What the exercise asks:
In the entries below, begin at the line that has "Charming coloring book how to find", stop after the line that has "Coldplay concert tickets: Where", and output those lines exactly with no pictures.

Listed records:
-------

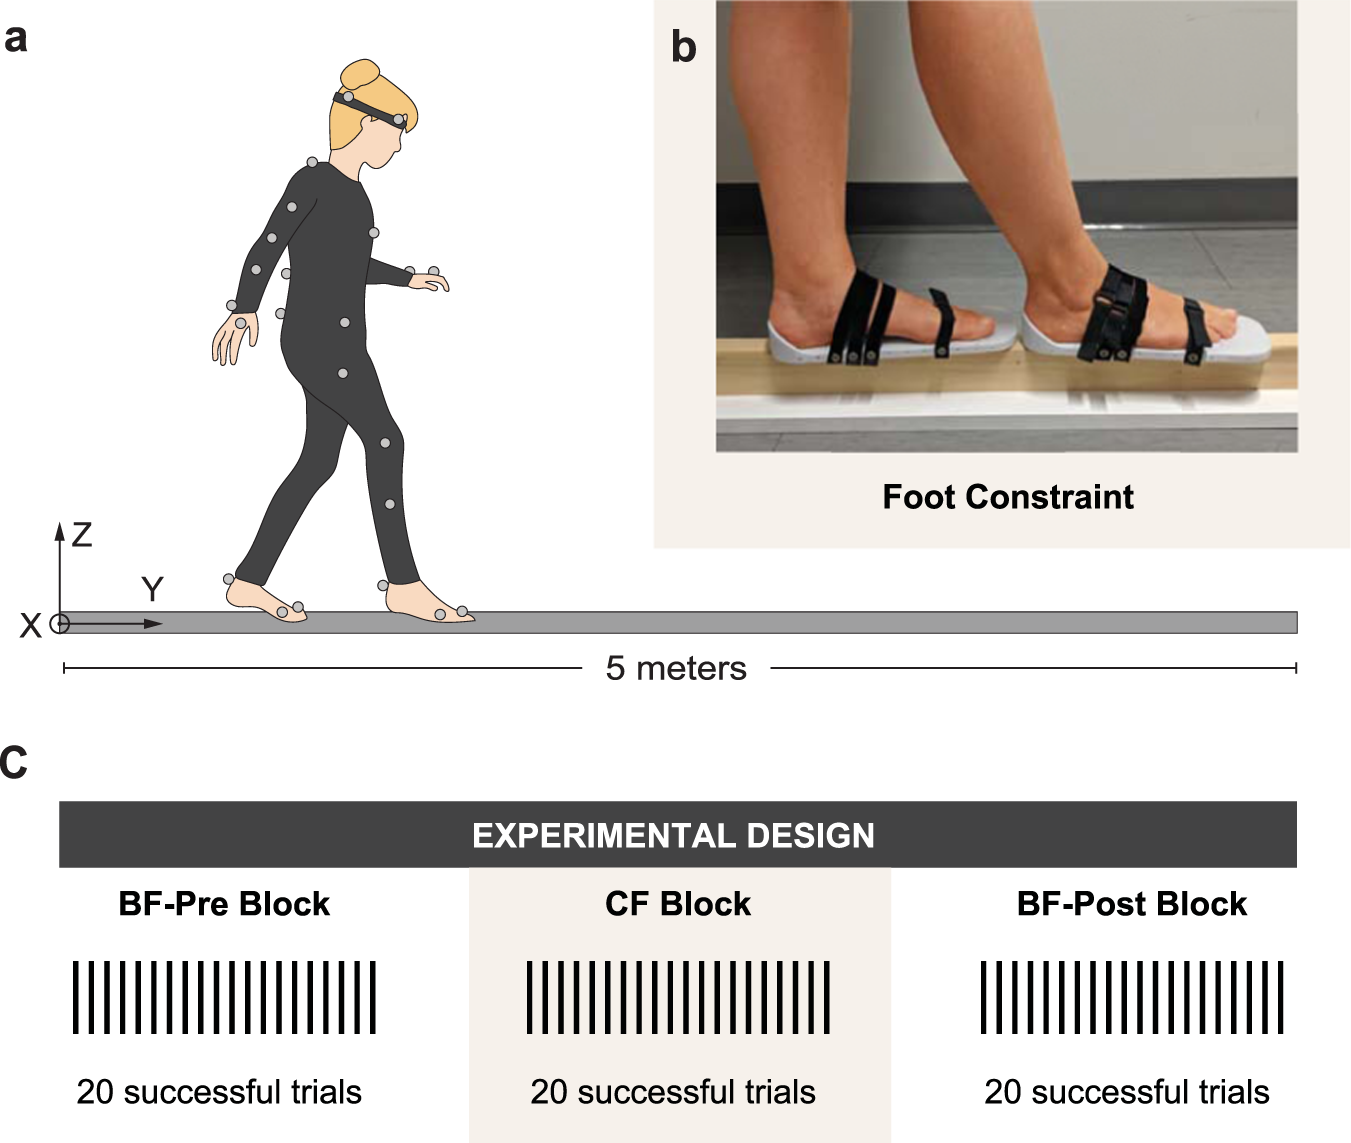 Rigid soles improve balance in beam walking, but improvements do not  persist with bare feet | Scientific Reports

-------

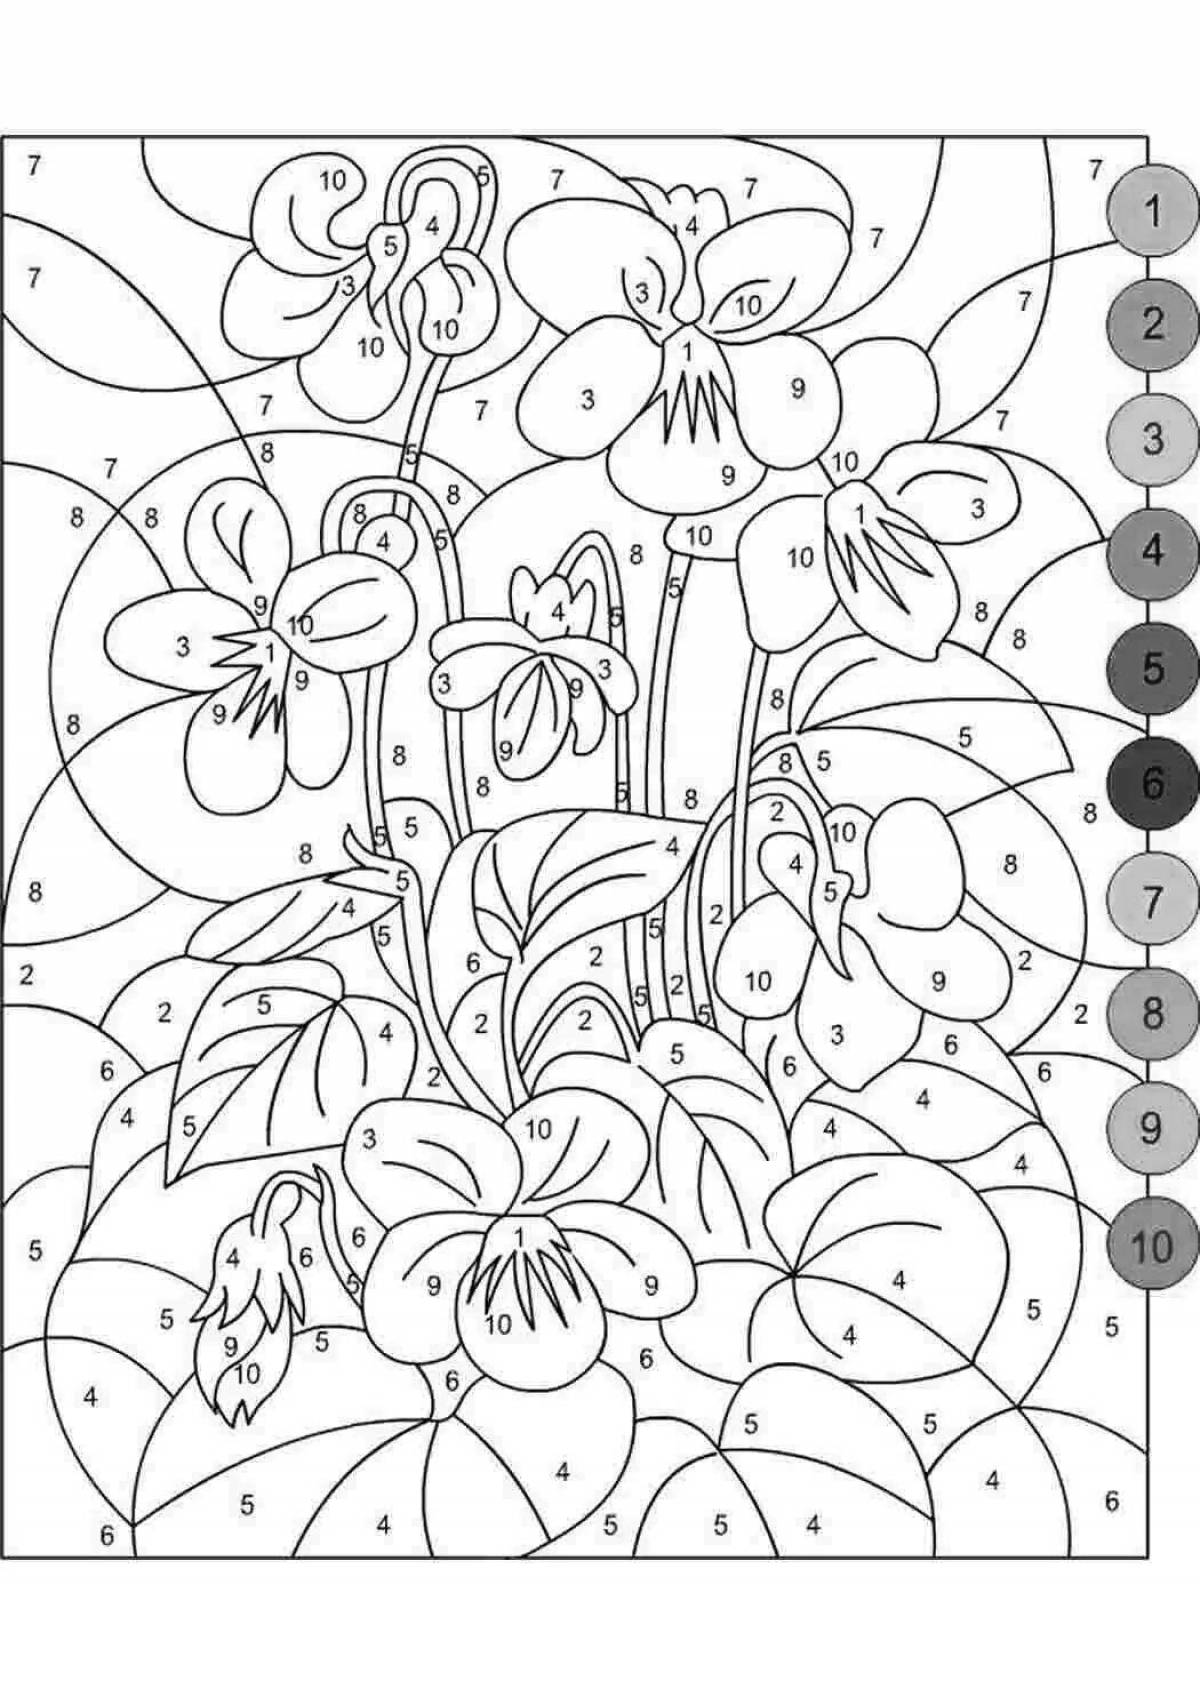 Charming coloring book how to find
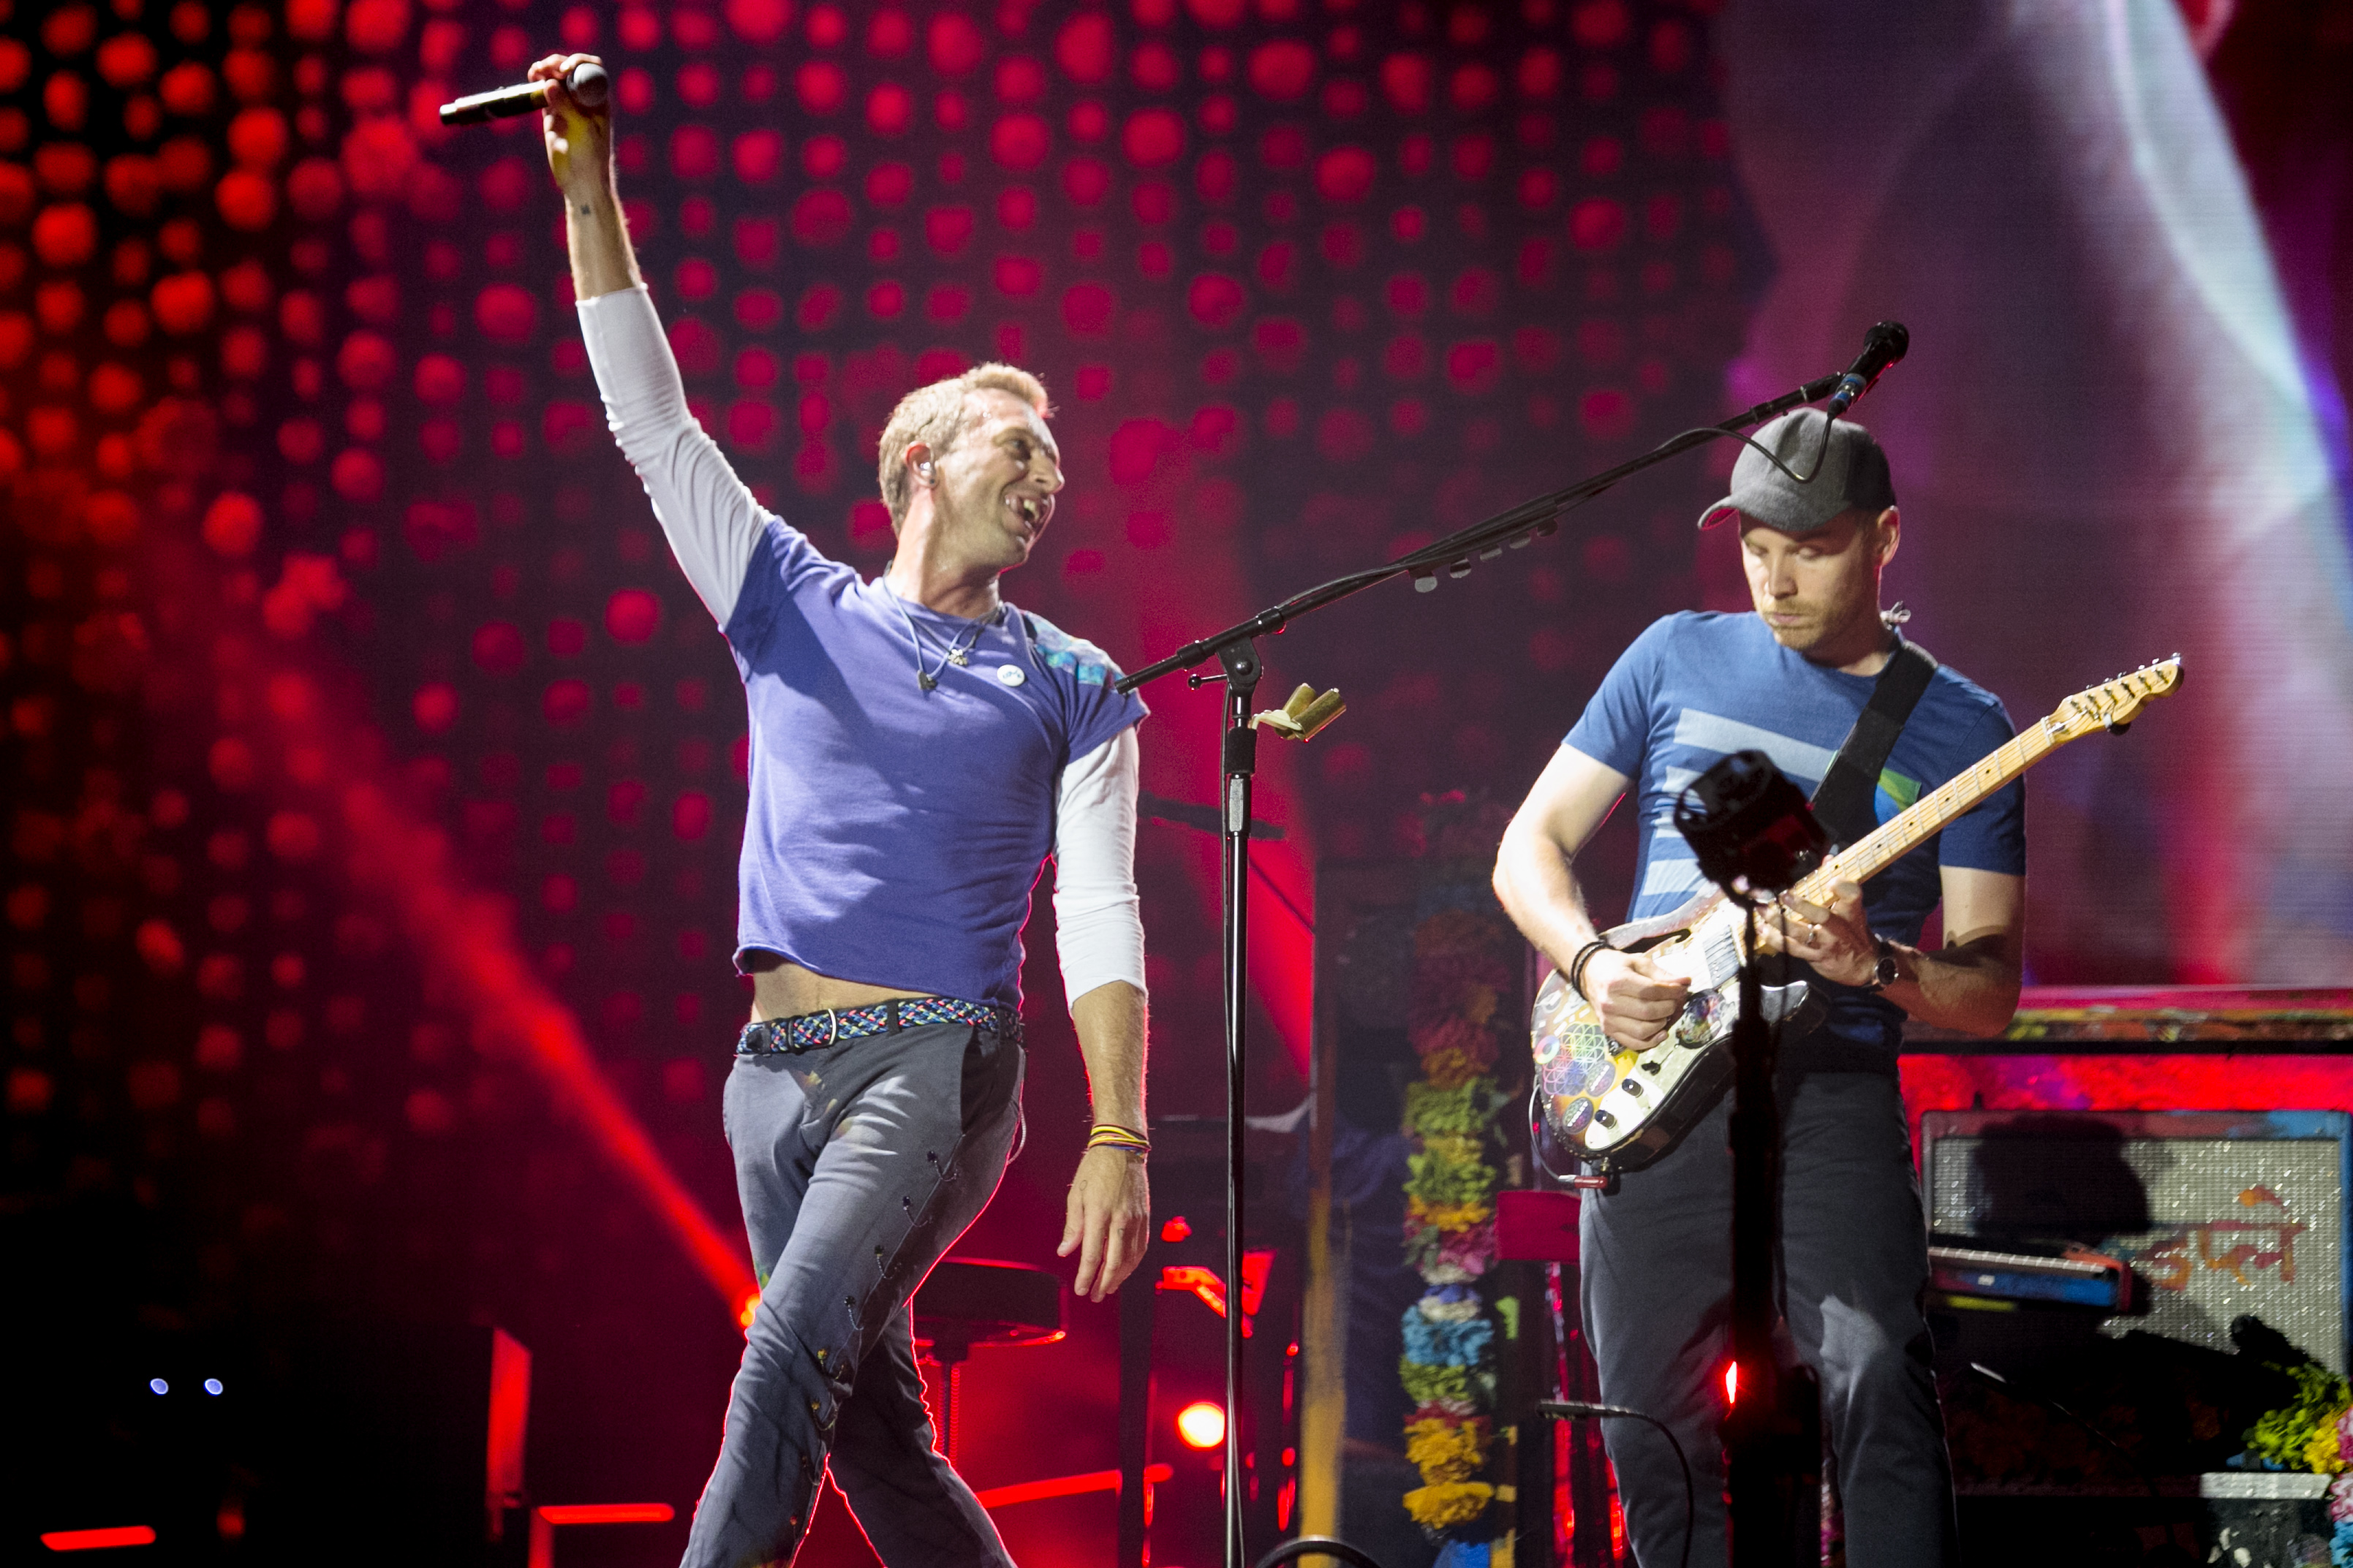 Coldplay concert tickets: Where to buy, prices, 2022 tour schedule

-------

Response area:
 Charming coloring book how to find
 Coldplay concert tickets: Where to buy, prices, 2022 tour schedule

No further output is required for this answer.